A numbers game: mosquito-based arbovirus surveillance in two distinct geographic regions of Latin America

Jacqueline Mojica 1,#, Valentina Arévalo 2,#, Jose G Juarez 3,#, Ximena Galarza 4,#, Karla Gonzalez 5, Andrés Carrazco 6, Harold Suazo 7, Eva Harris 8, Josefina Coloma 9, Patricio Ponce 10, Angel Balmaseda 11,, Varsovia Cevallos 12,
Editor: Kristen Healy
PMCID: PMC11735261  PMID: 39308414

Abstract

Aedes mosquitoes, as vectors of medically important arthropod-borne viruses (arboviruses), constitute a major public health threat that requires entomological and epidemiological surveillance to guide vector control programs to prevent and reduce disease transmission. In this study, we present the collaborative effort of 1 year of Aedes ageypti (Linnaeus, 1762) mosquito-based arbovirus surveillance in 2 geographically distinct regions of Latin America (Nicaragua and Ecuador).

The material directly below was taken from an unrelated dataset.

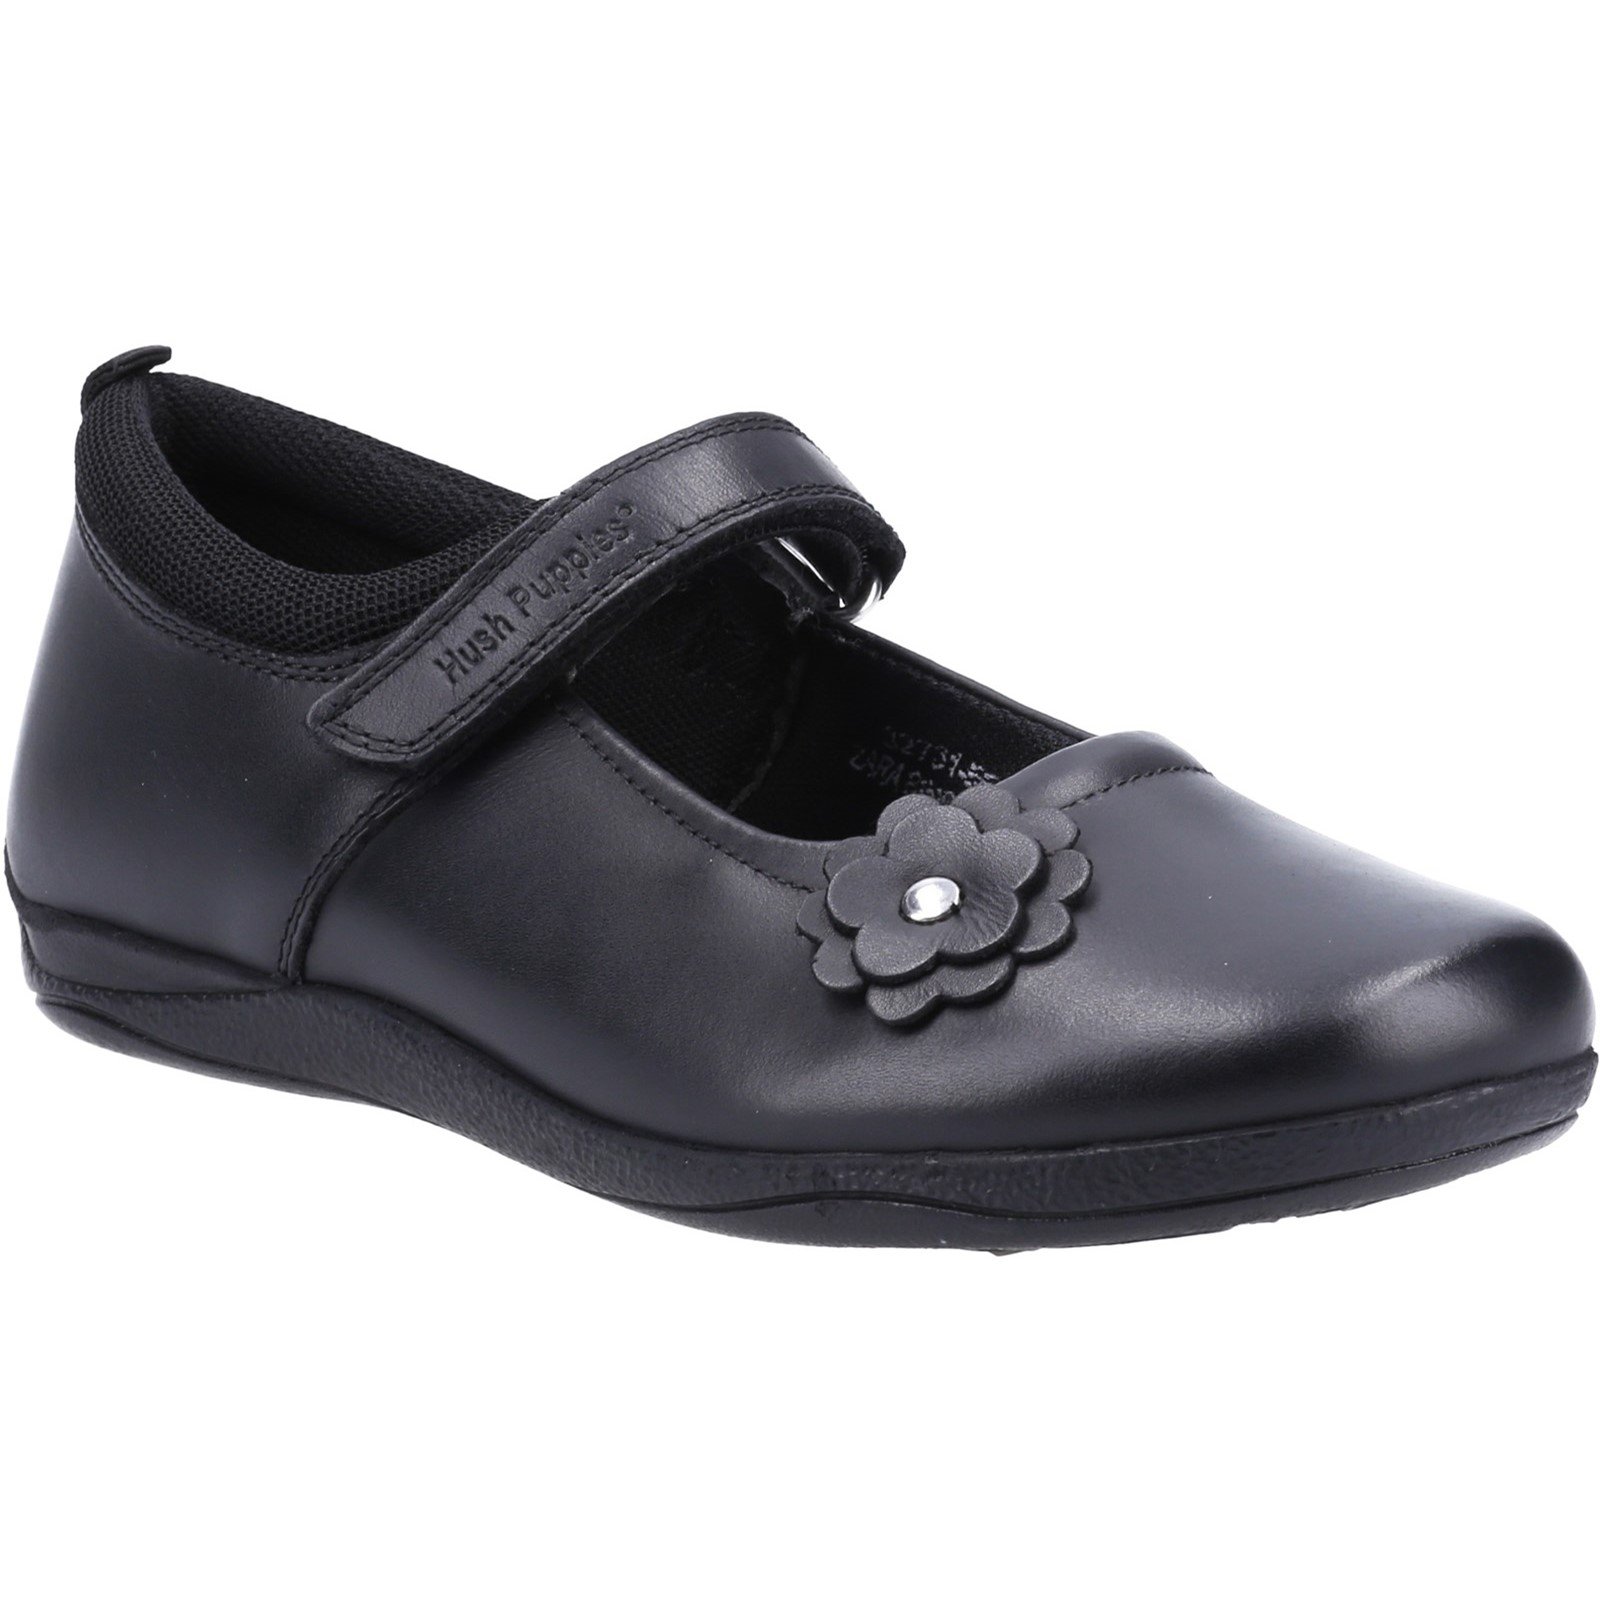 Hush Puppies Kid's Zara Junior School Flat Shoe Black 32731 - Black 2
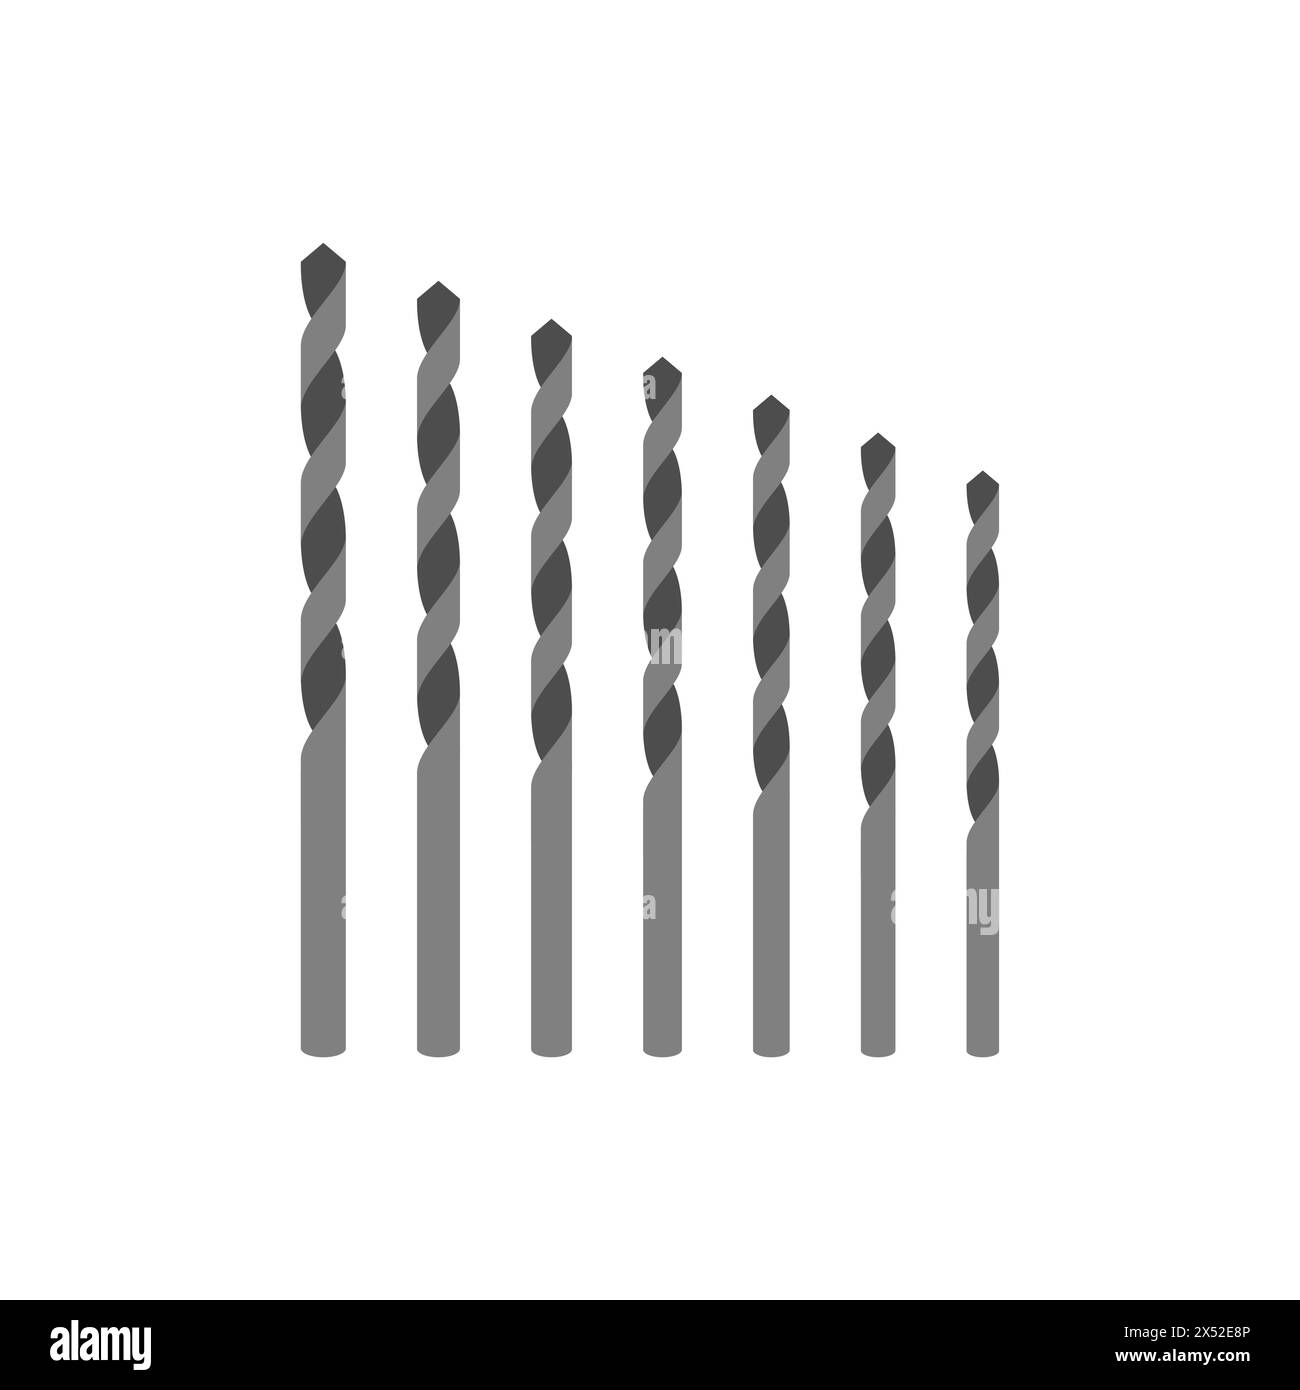 Set of drills for metal. Vector illustration Stock Vector

Adult female mosquitoes were collected using backpack aspirators in over 2,800 randomly selected households (Nicaragua, Ecuador) and 100 key sites (Nicaragua) from 8 distinct communities (Nicaragua: 2, Ecuador: 6). A total of 1,358 mosquito female pools were processed for RNA extraction and viral RNA detection using real-time reverse transcription-polymerase chain reaction. Ten positive dengue virus (DENV) pools were detected (3 in Nicaragua and 7 in Ecuador), all of which were found during the rainy season and matched the serotypes found in humans (Nicaragua: DENV-1 and DENV-4; Ecuador: DENV-2). Infection rates ranged from 1.13 to 23.13, with the Nicaraguan communities having the lowest infection rates. Our results demonstrate the feasibility of detecting DENV-infected Aedes mosquitoes in low-resource settings and underscore the need for targeted mosquito arbovirus sampling and testing, providing valuable insights for future surveillance programs in the Latin American region.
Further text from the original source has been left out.